Kiwix-desktop 2.x (beta)
2019 might have signalled the end of the tunnel for this project. A series of beta versions were released for both Linux and Windows throughout the year so as to allow users to replace the ageing and deprecated Kiwix for desktop 0.9 (there’s never been a version 1.0). Newer features will be rolled out with the final version in 2020.
Hotspot cardshop
The first step towards building a Kiwix hotspot that could scale and reach more users consisted in sharing an easy to use installer. People with zero knowledge of command lines should be able to assemble the content they want and create a hotspot for themselves, their families, or entire schools. Get access here.
Stockholm hackathon
This year’s Hackathon was held in Stockholm and took place next to Wikimania, the Wikimedia Movement’s annual gathering.

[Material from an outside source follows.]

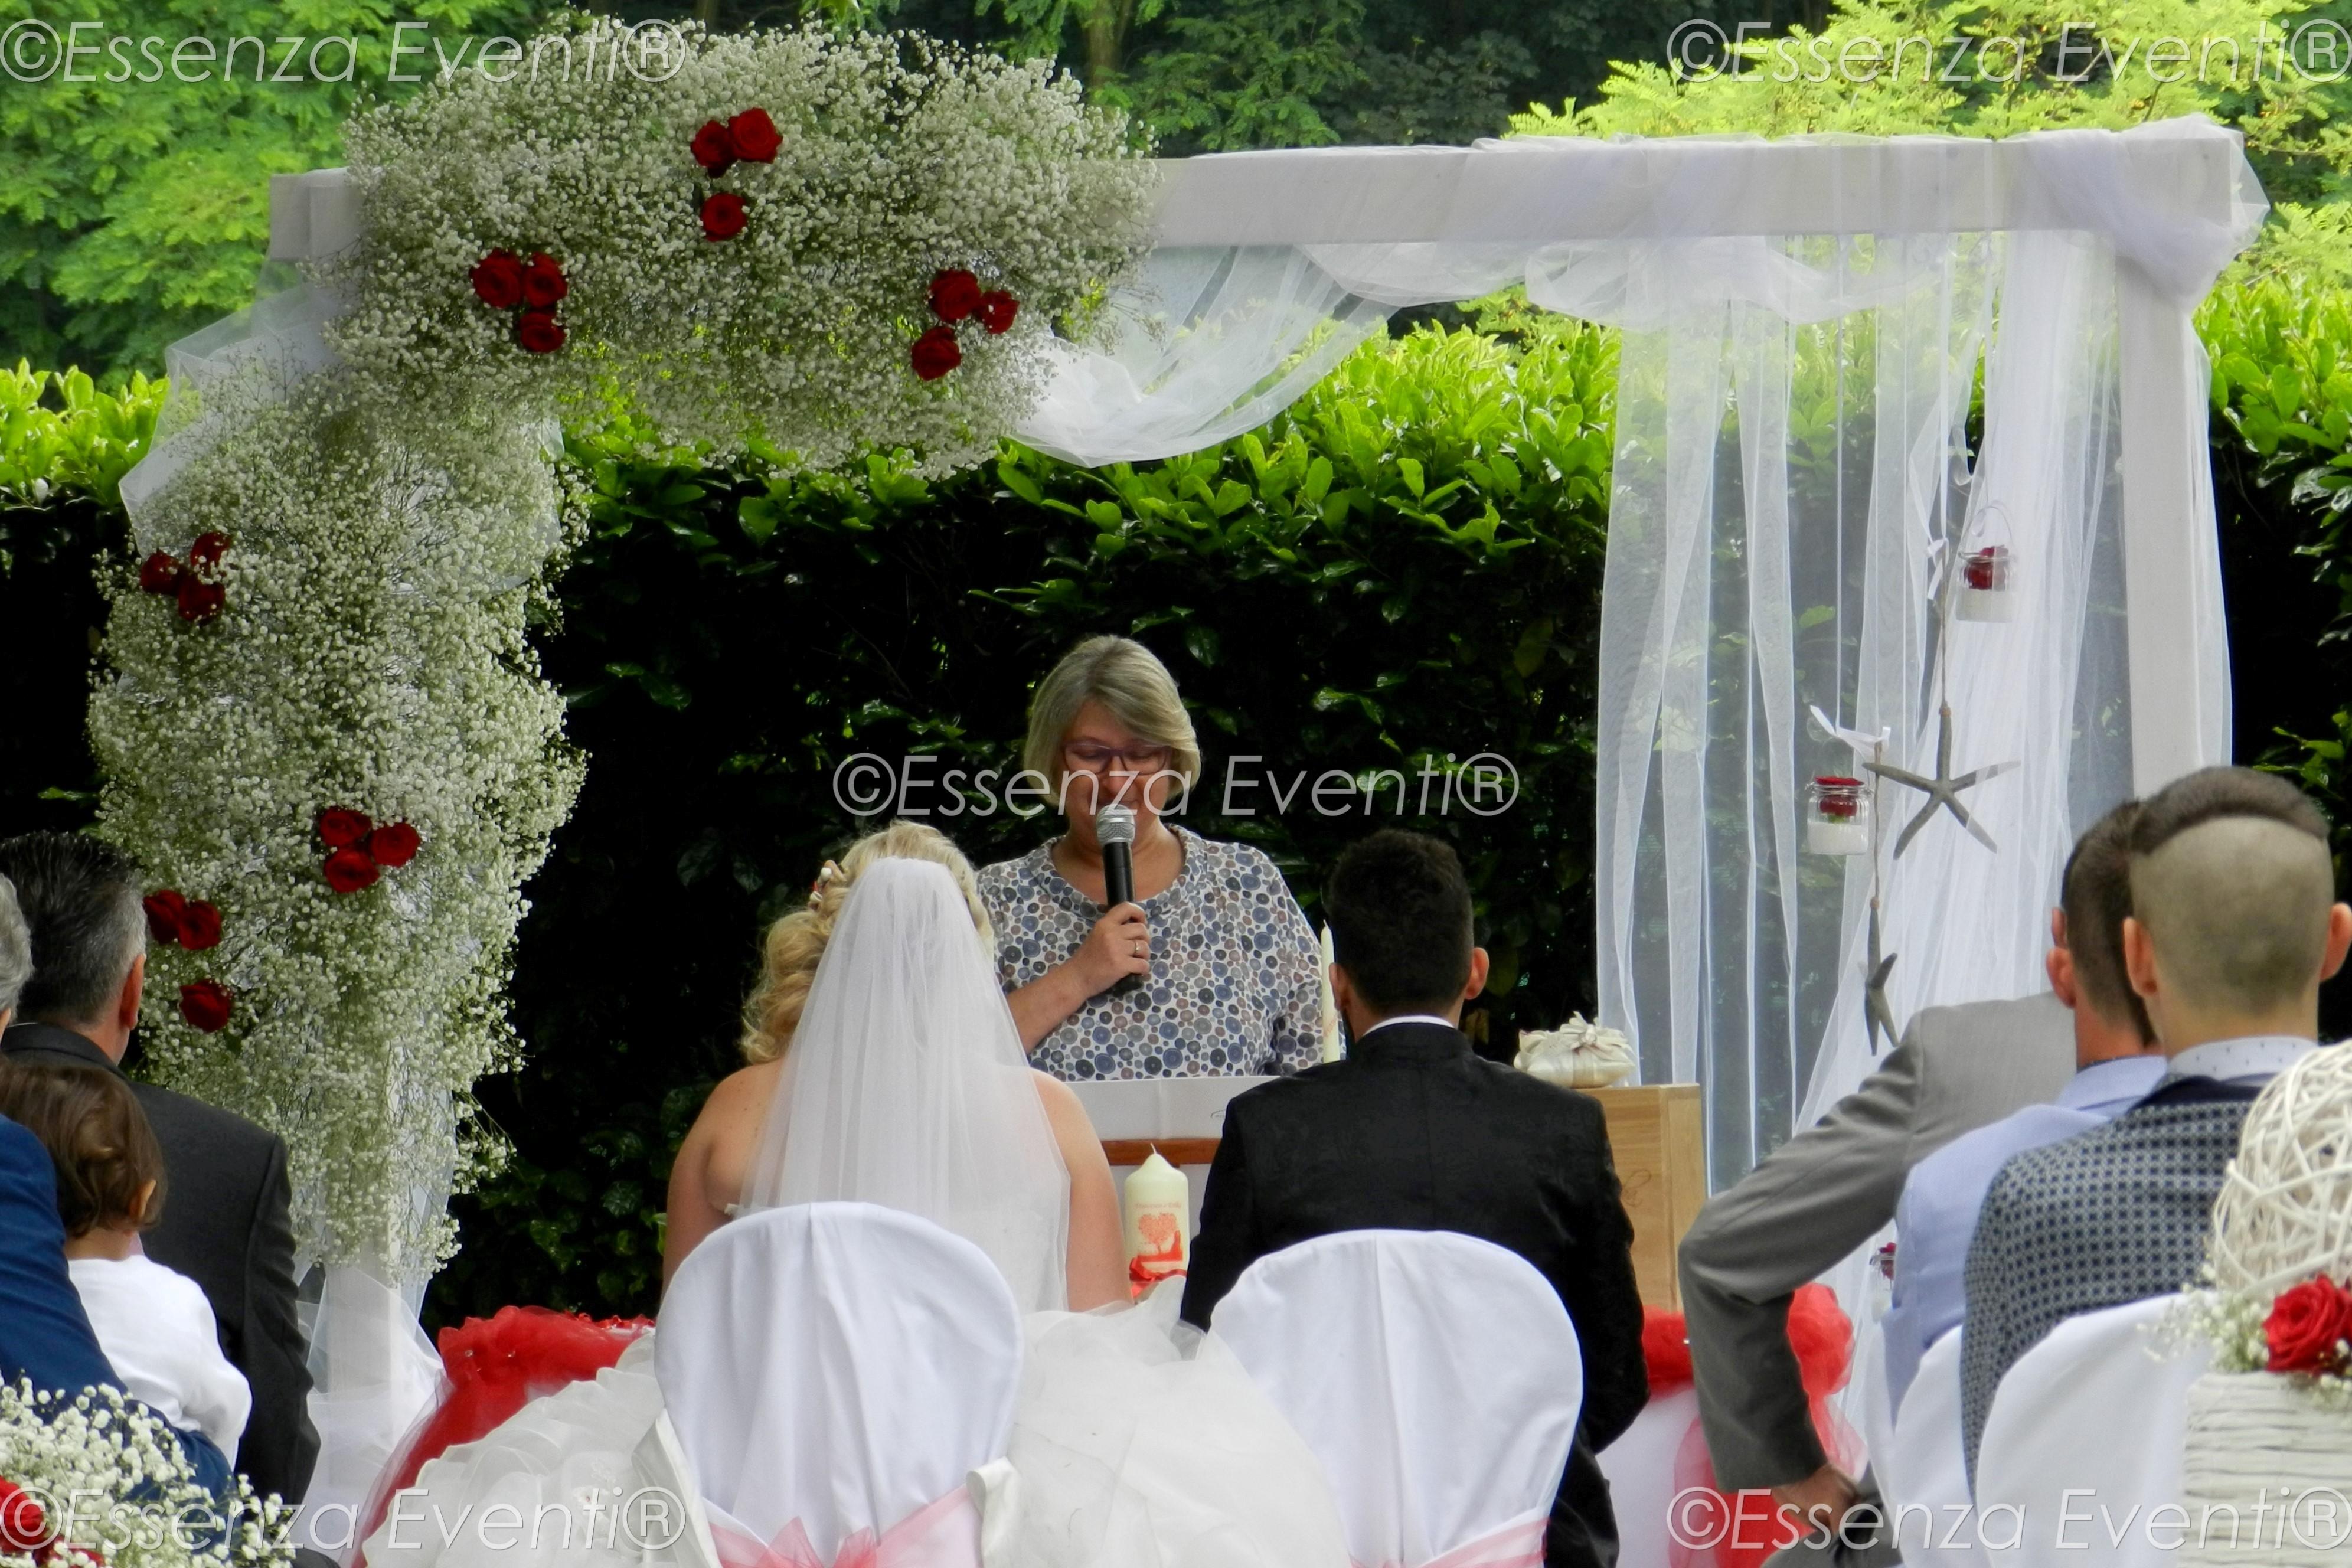 Celebrante Matrimonio Simbolico Puglia : Celebrante matrimonio simbolico essenza eventi
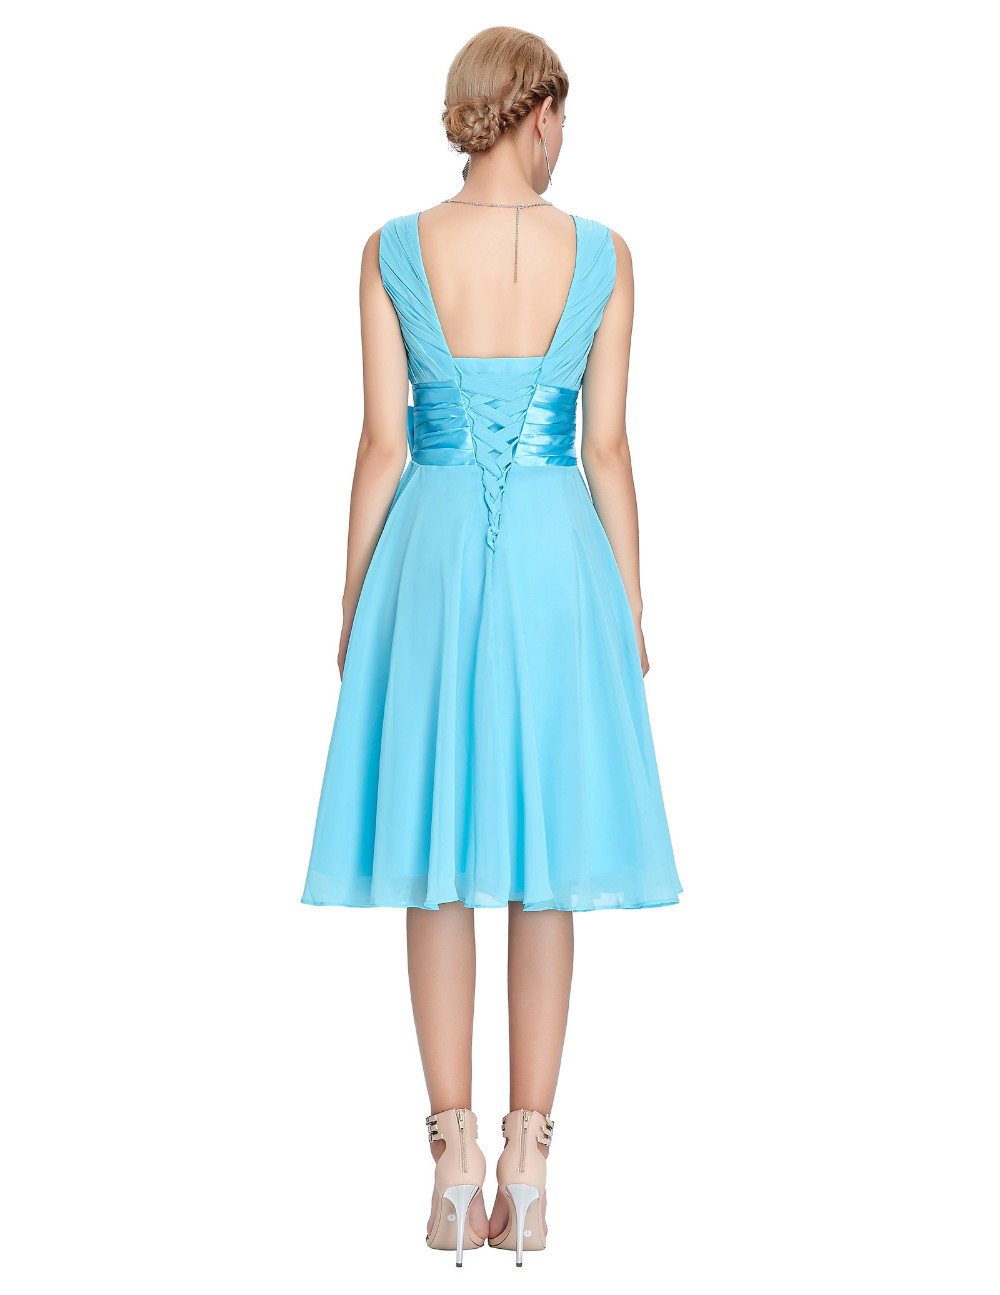 HTB1kKzNMVXXXXbQaXXXq6xXFXXXZKnee Length Short Chiffon Blue Dress

Participants came from Switzerland, France, India, Mali, the UK and the US and met for 9 days of non-stop coding.
The full summary of goals and achievements can be found here.
Kiwix-JS for Windows
Another volunteer-led project, Kiwix-JS initially started as a browser extension so that people could directly open and read ZIM files from Firefox or Chrome. The technology was adapted as a standalone app for Windows. Kiwix-JS can actually run on older 32-bit computers that are still largely used in many countries.
What’s next
Looking out to deliver these in 2020 and beyond.
ZIM-it!
Supported by the Mozilla Foundation, ZIMit will allow us to convert almost any website and make it go offline. Released planned for Q4/2020.
More custom apps
One size does not always fit all. How about your very own, very portable, very offline dictionary?